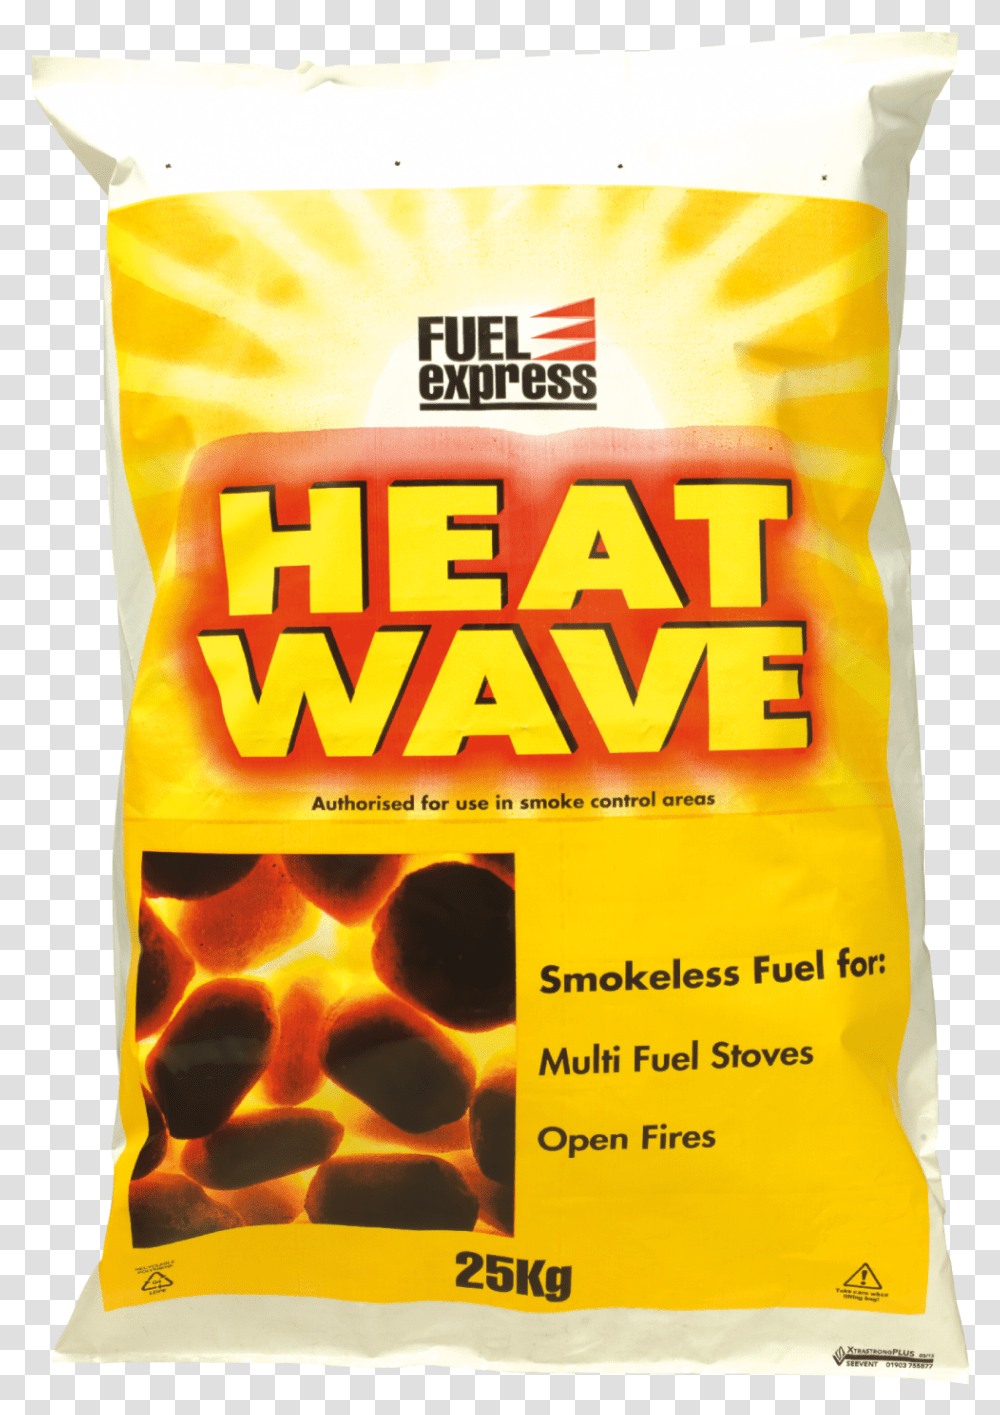 Heat Wave 15kg Fuel Express, Plant, Poster, Advertisement Transparent Png
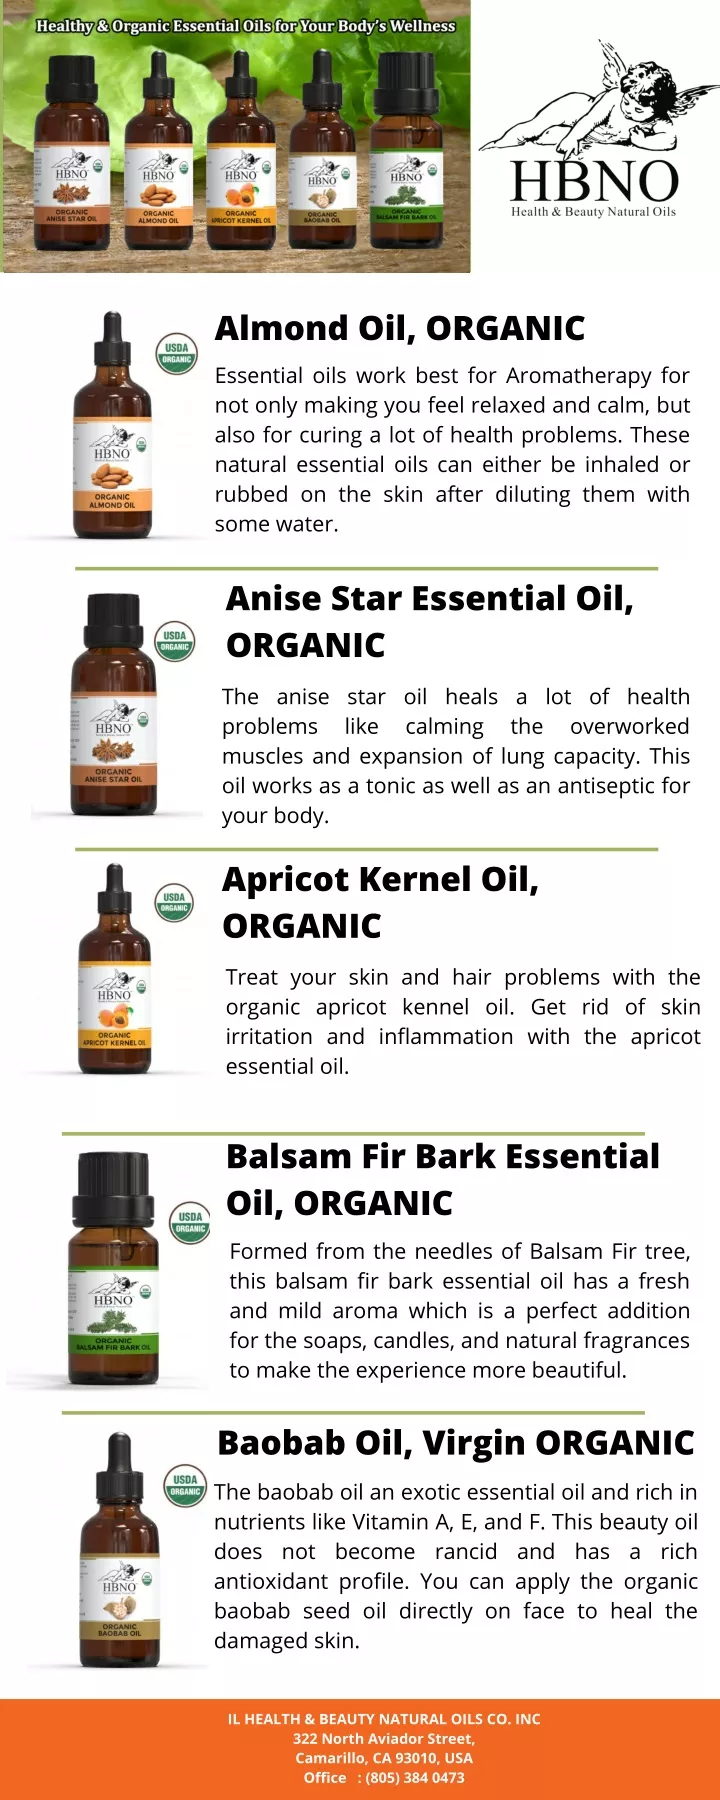 almond oil organic essential oils work best
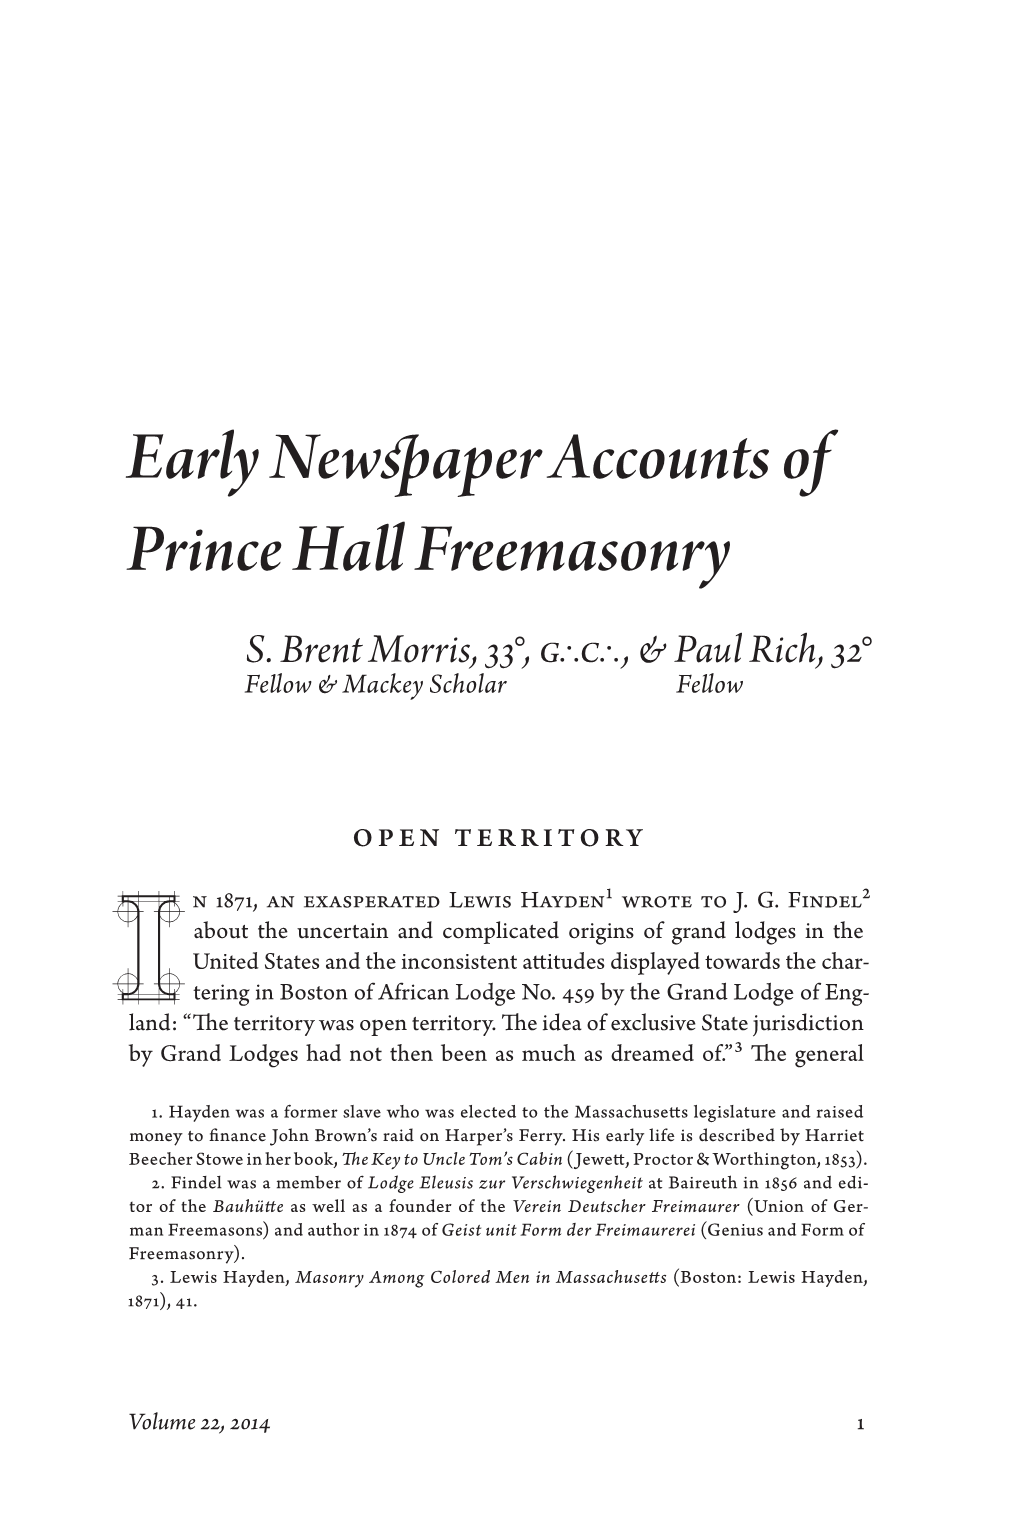 Early Newspaper Accounts of Prince Hall Freemasonry

═══

WORK TO COMPLETE ▸
What is needed is an exact copy of the lines from the one with "almond oil organic essential oils work best" through the end of the data above, both included, minus any pictures.

RESULT FOR THIS EXERCISE ▸
 almond oil organic essential oils work best
 Early Newspaper Accounts of Prince Hall Freemasonry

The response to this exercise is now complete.